I’ve seen far worse surfaces in my playing days - and far dirtier tricks than a manager letting the grass grow out a little bit.

Managers will do anything they can to win games of football. When good passing teams have come to our ground in the past, I know that the manager has said to the groundsman ‘Don’t water the pitch’.

The last thing he wants is the grass to be perfectly suited to moving the ball quickly. We’d get played off the park.

And when you play direct, as Cardiff can do, you want the ball to hold up in the final third. That’s why the grass is long.

I know managers who have brought the sides of the pitch two or three yards closer to the 18-yard box, just so a player with a long throw can reach the penalty spot.

I remember when Gus Poyet came to Brighton, he said the pitch was too small. He wanted us to play out from the back, so he needed a bigger surface, more water on the grass.

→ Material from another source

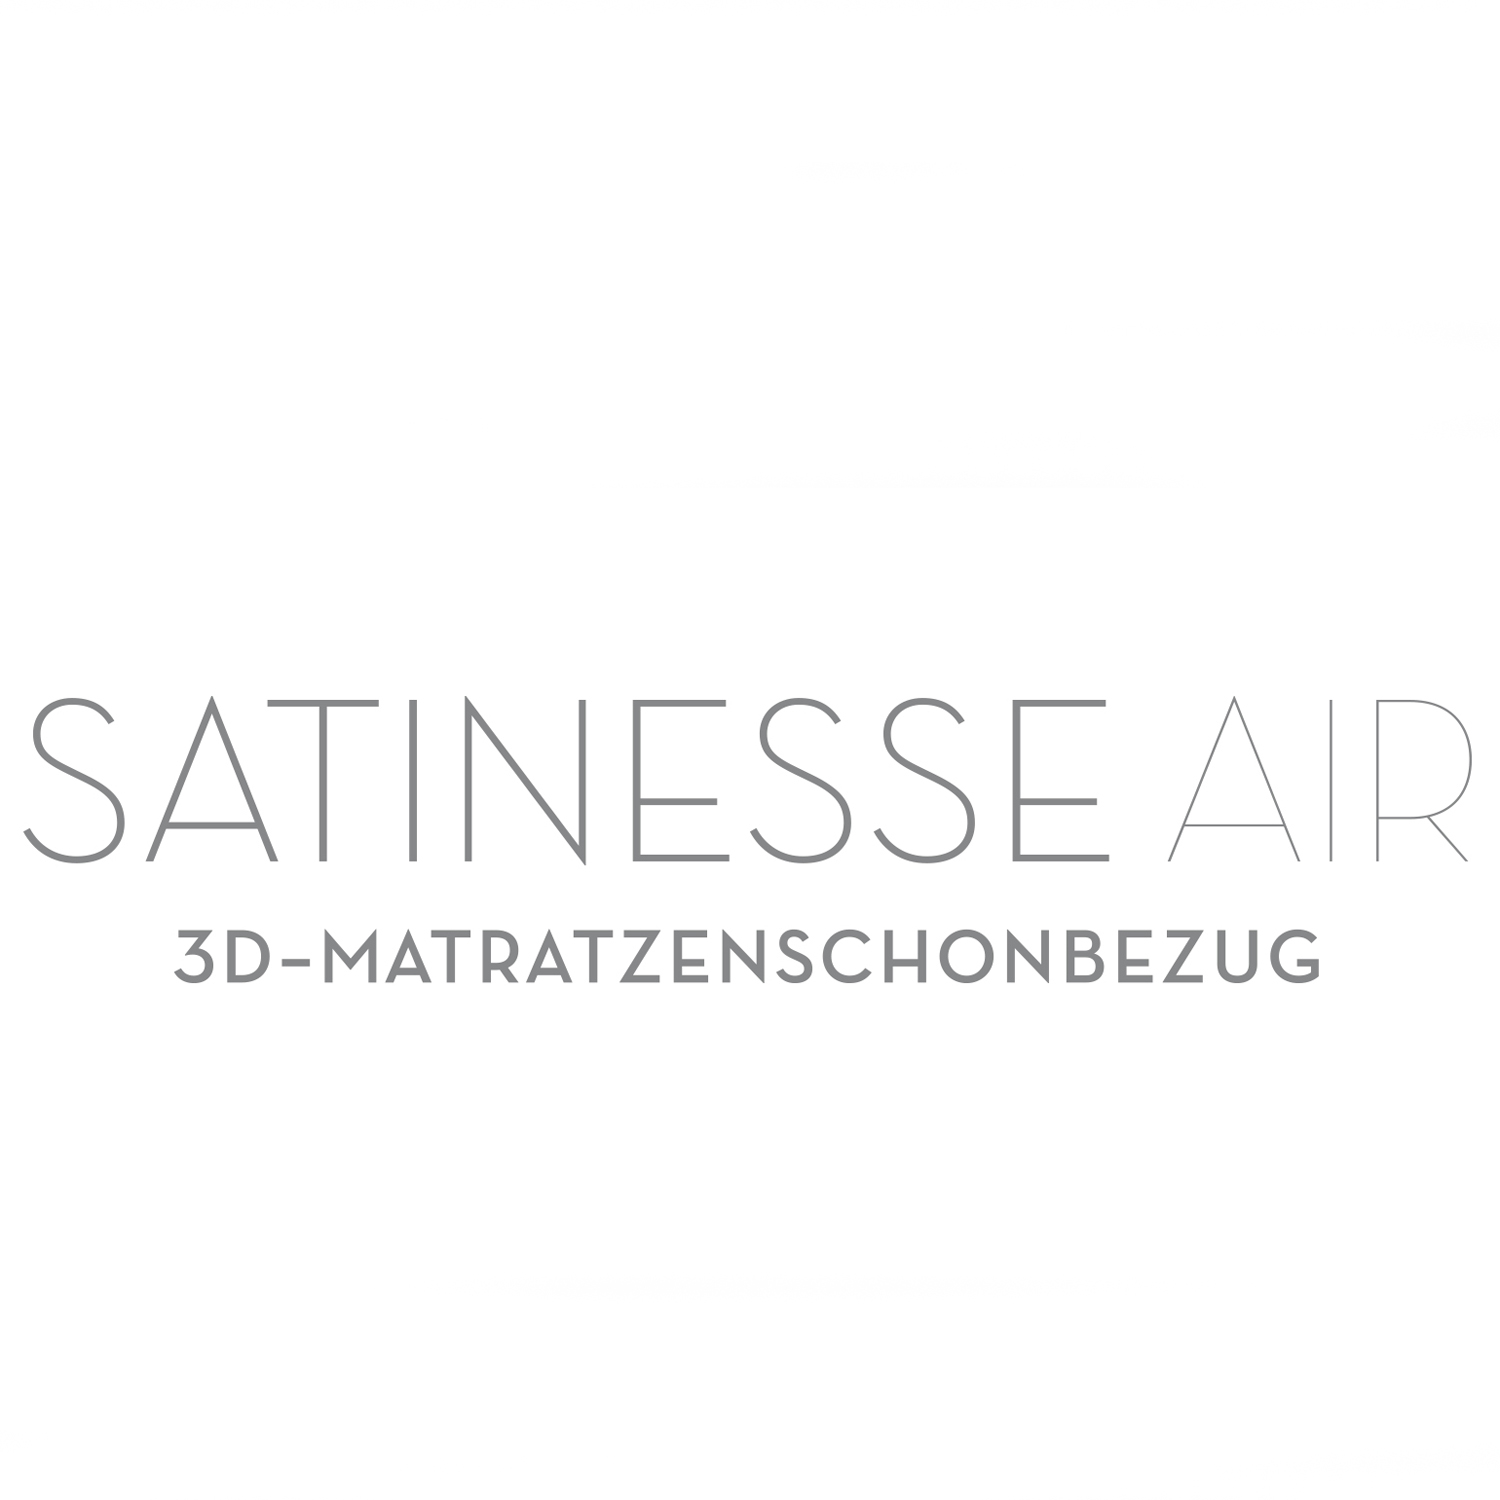 FORMESSE Matratzenschoner Satinesse Air Silver wollweiß 100x200cm

Dean Wilkins, another Brighton manager, once painted the away dressing room purple. He’d heard it was a dark, oppressive colour that made people feel unwelcome.

Brentford never had a plug socket so you couldn’t play any music, and only one toilet that didn’t have a closing door.

Clubs do all sorts to make opponents feel uncomforta­ble.

I’ve been to plenty where they didn’t even provide hot showers. I’m not saying it’s done all the time, but you can’t blame a manager for trying to get an edge. It’s what they are paid to do.